Battleground was an annual July professional wrestling event established by WWE in 2013, although the original event was held in October. It was originally broadcast exclusively via pay-per-view (PPV) before it began simultaneously livestreaming on the WWE Network in 2014. The third event was scheduled to be held on July 19, 2015, at the Scottrade Center in St. Louis, Missouri. To further promote the WWE Network, the promotion advertised their 30-day free trial period, with the 2015 Battleground included in that free trial for new subscribers.

===Storylines===
The event comprised seven matches, including one of the Kickoff pre-show, that resulted from scripted storylines. Results were predetermined by WWE's writers, while storylines were produced on WWE's weekly television shows, Raw and SmackDown.

At Money in the Bank, Seth Rollins defeated Dean Ambrose in a ladder match to retain his WWE World Heavyweight Championship. On the June 15 episode of Raw, The Authority reinstated Brock Lesnar, who returned to WWE and invoked his rematch clause (after losing the championship to Rollins at WrestleMania 31) to face Rollins at Battleground for the championship.
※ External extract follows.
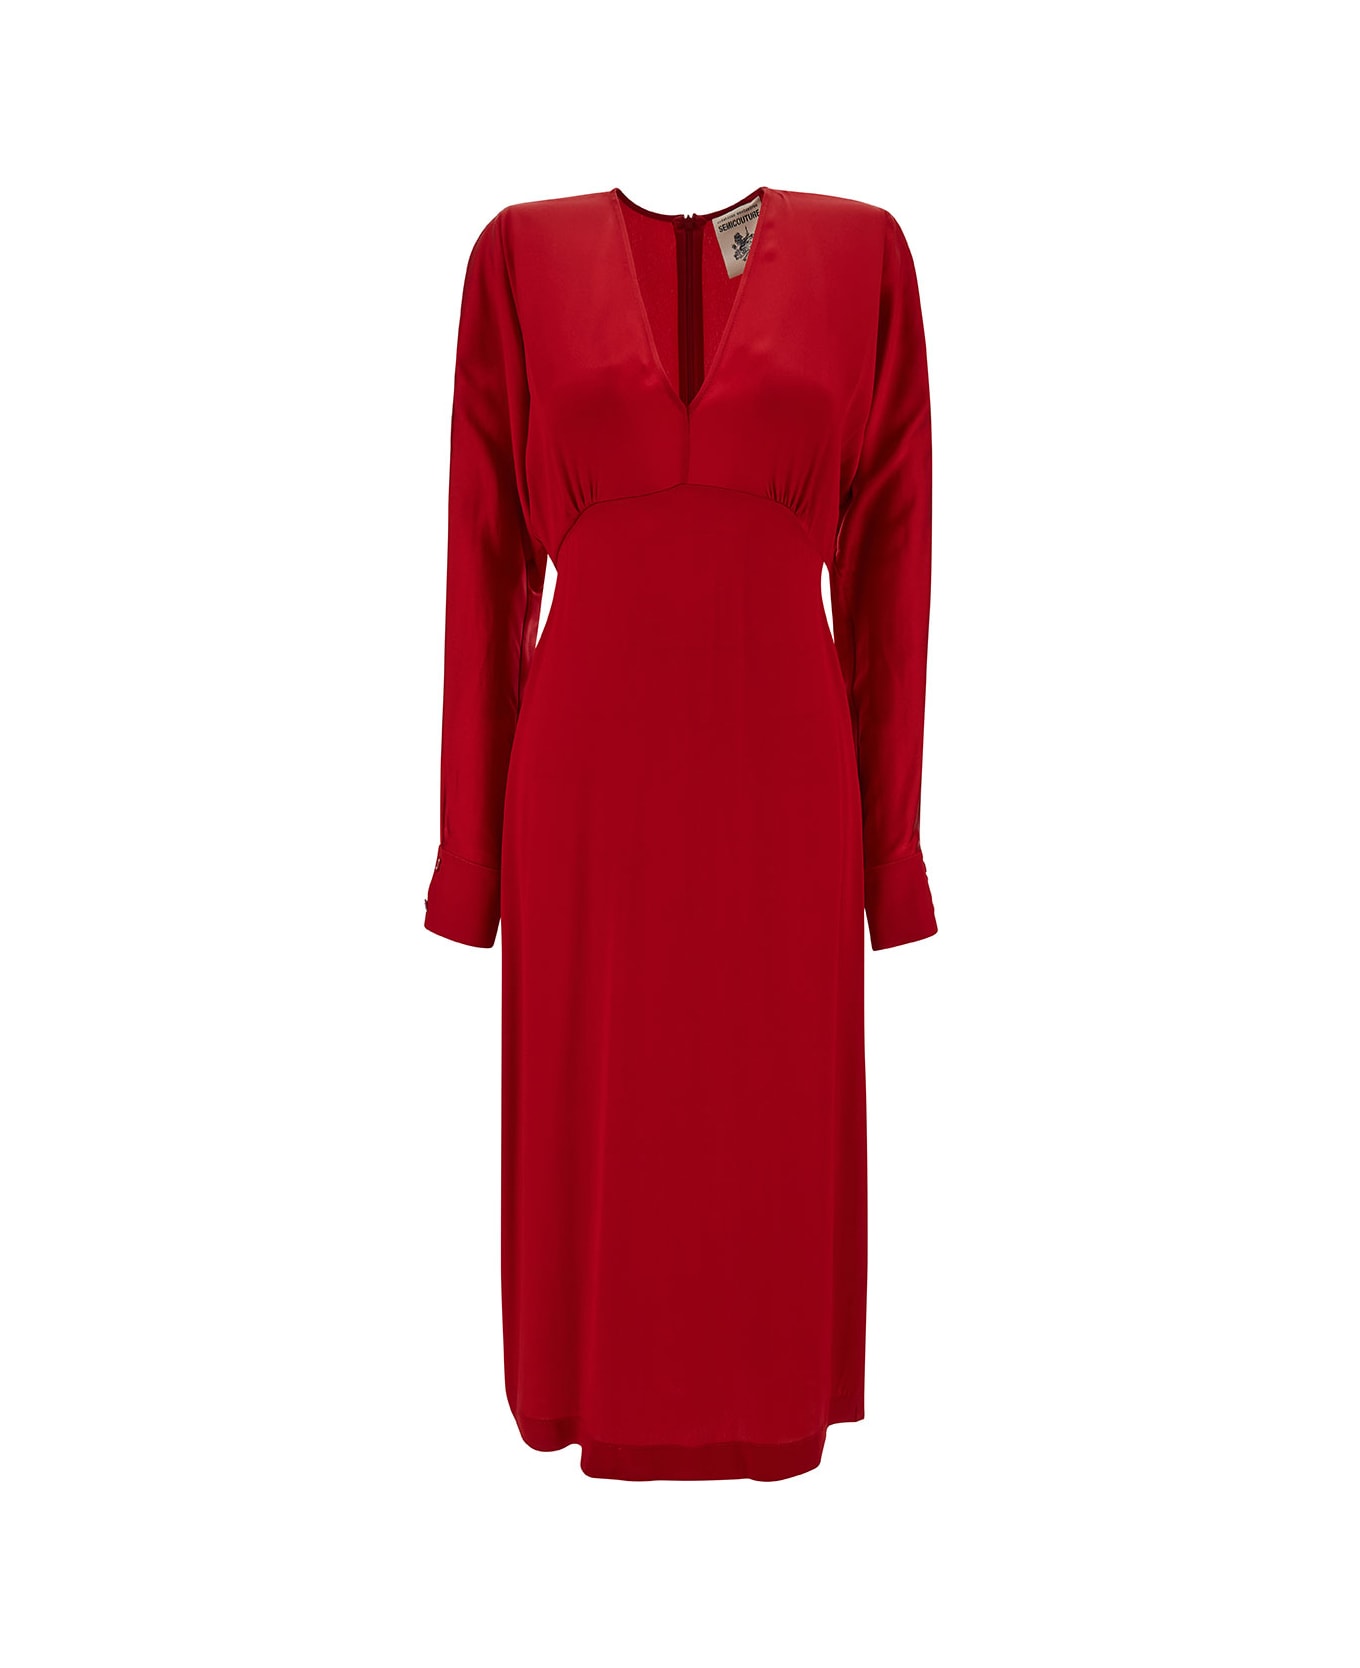 SEMICOUTURE Midi Red V Neck Dress With Long Sleeve In Acetate And Silk Blend Woman - Red ワンピース＆ドレス

On the July 6 episode of Raw, Lesnar attacked Rollins' bodyguards J&J Security (Jamie Noble and Joey Mercury), breaking Noble's arm with a Kimura lock and executing a belly-to-belly suplex on Mercury onto a car's windshield. This infuriated Rollins, who said Lesnar had no respect for other people's belongings and that at Battleground, Rollins was going to burn "Suplex City" to the ground. During the contract signing on the July 13 episode of Raw, Lesnar thwarted Rollins and Kane's attempt to attack him, ending with Lesnar breaking Kane's ankle with the steel steps. After Lesnar had left, Rollins proceeded to stomp on Kane's injured ankle, while shouting at him.

On the May 21 episode of SmackDown, Bray Wyatt was defeated by Dean Ambrose, after Roman Reigns interfered in the match with a Superman punch on Wyatt. On the June 1 episode of Raw, Reigns defeated Wyatt to retain his spot in the Money in the Bank ladder match. At Money in the Bank, Wyatt knocked Reigns off the ladder right before Reigns could grab the Money in the Bank briefcase. During the event, Reigns was scheduled to face Wyatt at Battleground.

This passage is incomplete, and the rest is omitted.